質問・疑問に応えるカタチで【結】を導く

一通りの説明を終えたら、一息入れながらゆっくりと参加者の質問を促しましょう。そしてそれに応えるカタチで「もっと詳しい事業の詳細・本当に欲しい人材像・受入れ態勢の確かさ・社長の裏話など」ユーモアを交えた双方向の会話の中で、候補者としての納得と覚悟を導けるように展開してください。ここが説明会の第二段階、営業の現場で言えばクロージングの場面でしょう。

説明会の起承転結の【結】とは、実は決心の【決】なのです。

またこの時間は「集団面接」の意味合いも含まれてきます。それぞれの質問の内容から、個々の参加者の「就労観」が手にとるように見えてきます。正すところは正し、納得を得ること、大事にしたい価値が重ね合わなければ正しい採用にはなりません。

「言うは易し…」ですが、採用は企業の生命線

ここまでざっと理想的な説明会の一つのカタチを説明してきましたが…「言うは易し」ですね(笑)。是非、納得いくまでリハーサルを重ねてご自分のものにして戴ければと思います。

しかし何よりも、「いい人材」を採用することが説明会の第一の目的です。もし、人事担当者がどうしてもプレゼンテーションが不得手だと感じる場合には「社内で一番プレゼンの上手な人」に内容を構築して貰ったり、直接説明を担当して貰うことも一つの方策でしょう。

パワーポイントの投影データ一つをとっても、参加者の企業評価に繋がってきます。「読むだけ、見せるだけの説明会」は候補者を減らしてしまうばかりか、商品やサービスのファンさえ失う結果になってきます

採用活動は企業の生命線、是非、最善の策をもって取組んで戴きたいと思います。

候補者は人事担当者に何を感じて企業を選ぶのか

さて最後に、私どもが新卒学生に対して実施したアンケート結果の中から「就活生が人事の対応にガッカリしたこと」を並べておきましょう。
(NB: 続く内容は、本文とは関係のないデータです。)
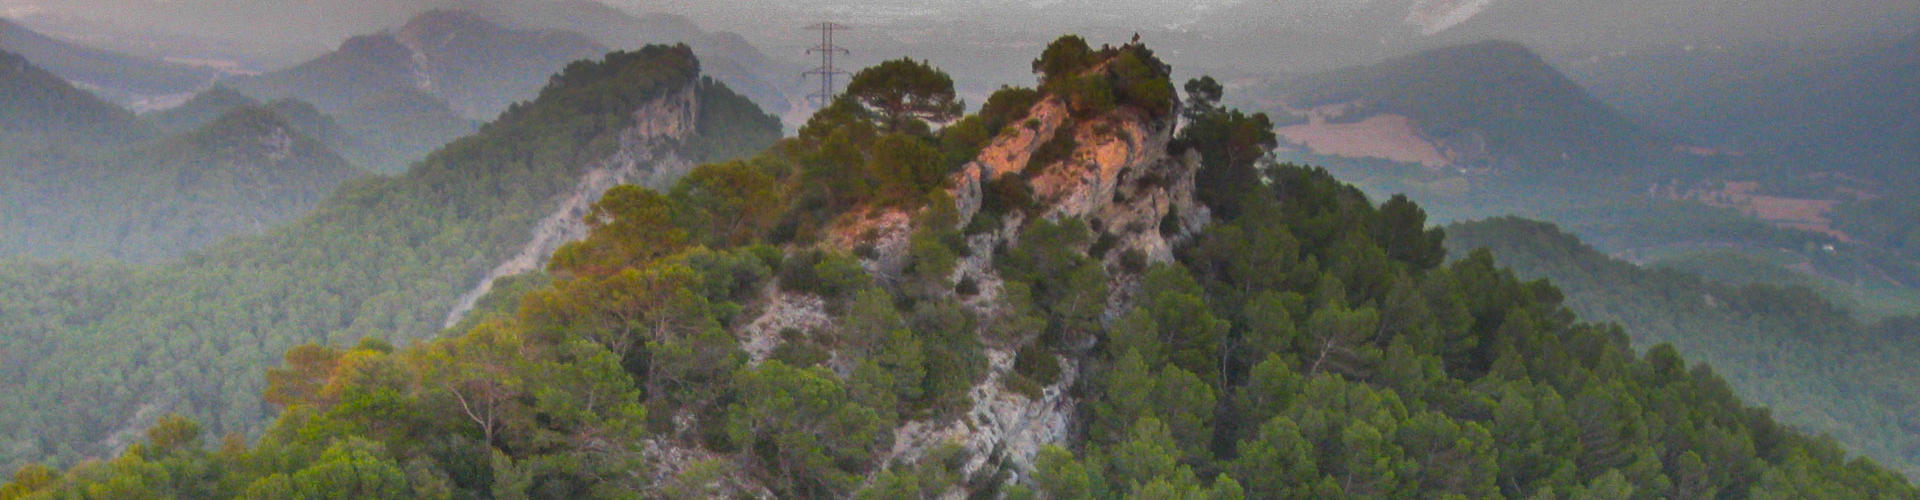 L'Agulla Grossa i la Serra de Miralles.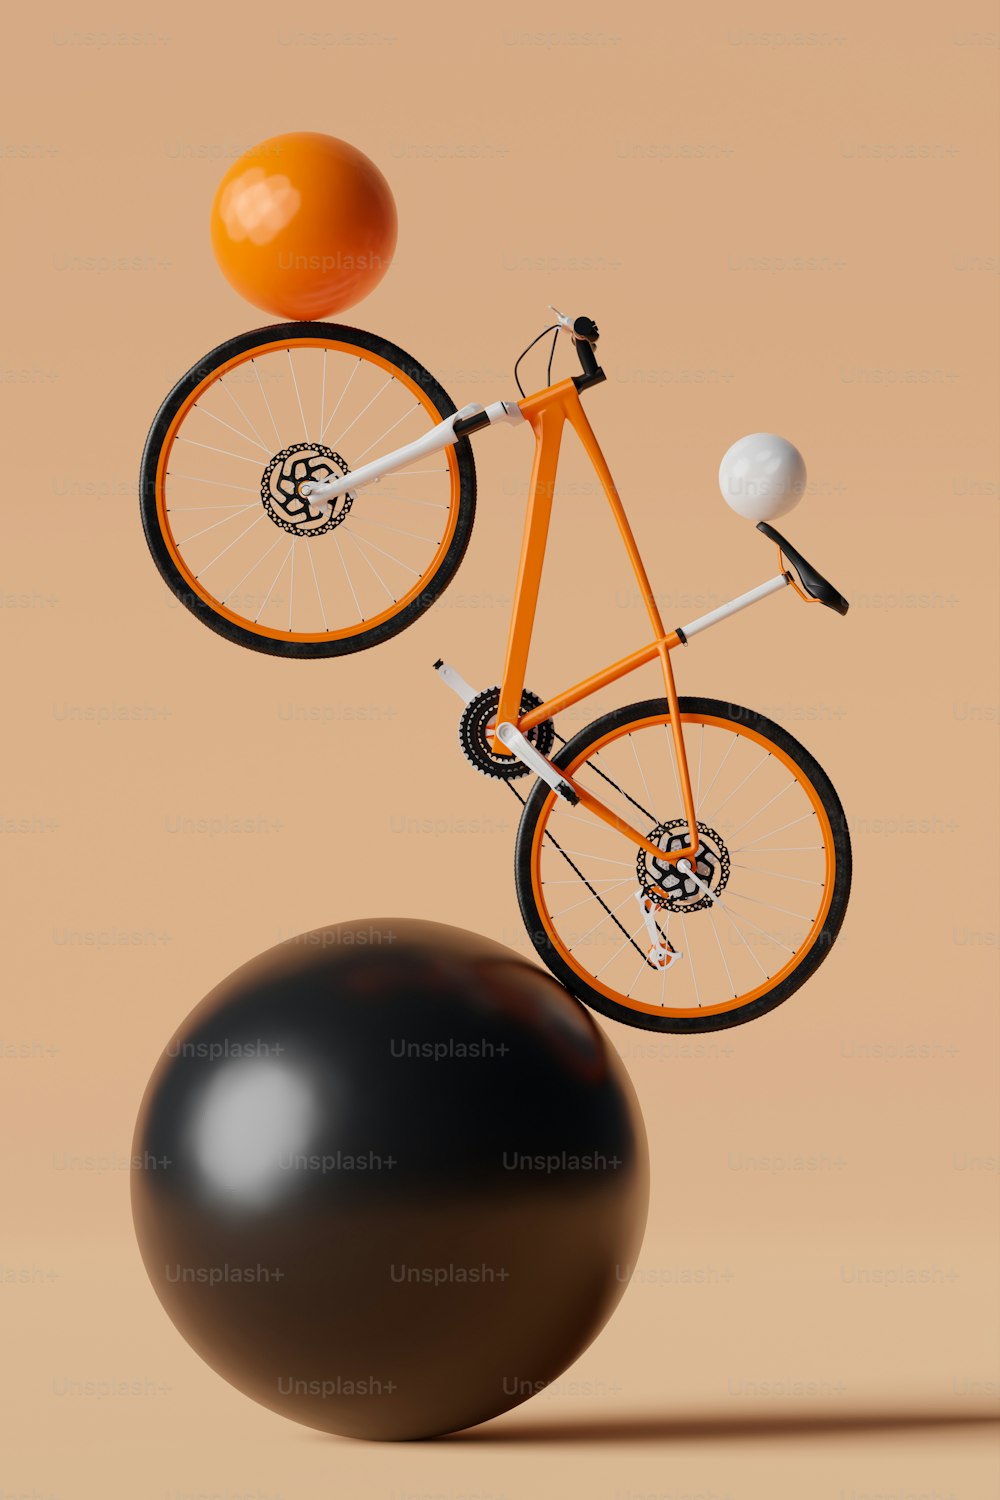 黒いボールでバラン�スをとるオレンジ色の自転車

  1. 無気力で冷めていると感じた (28.5%)
  2. 威圧的で求職者の立場を考えていない (24.6%)
  3. 表情が乏しく笑顔も見えない (19.7%)
  4. 話をじっくり聴いてくれない (15.5%)
  5. 話が下手で説明が分からない (13.3%)
  6. 参加者の目を見て話さない (12.3%)
  7. 会社全体や現場のことを良く知らない (7.9%)

※回答は重複可

このアンケートはほんの一部の就活生の声かも知れません。しかし、結果は結果として真摯に受け止めておく必要もあるでしょう。応募する求職者も採用する企業も「失敗はしたくない…」という気持ちは同じです。

応募者の最大の期待は、快く入社まで行き着くこと。是非!その期待に応えて全力の説明会を演出してください。目標は「参加者の80%を候補者へ」と昇華させることです。最後までお読みいただきありがとうございました。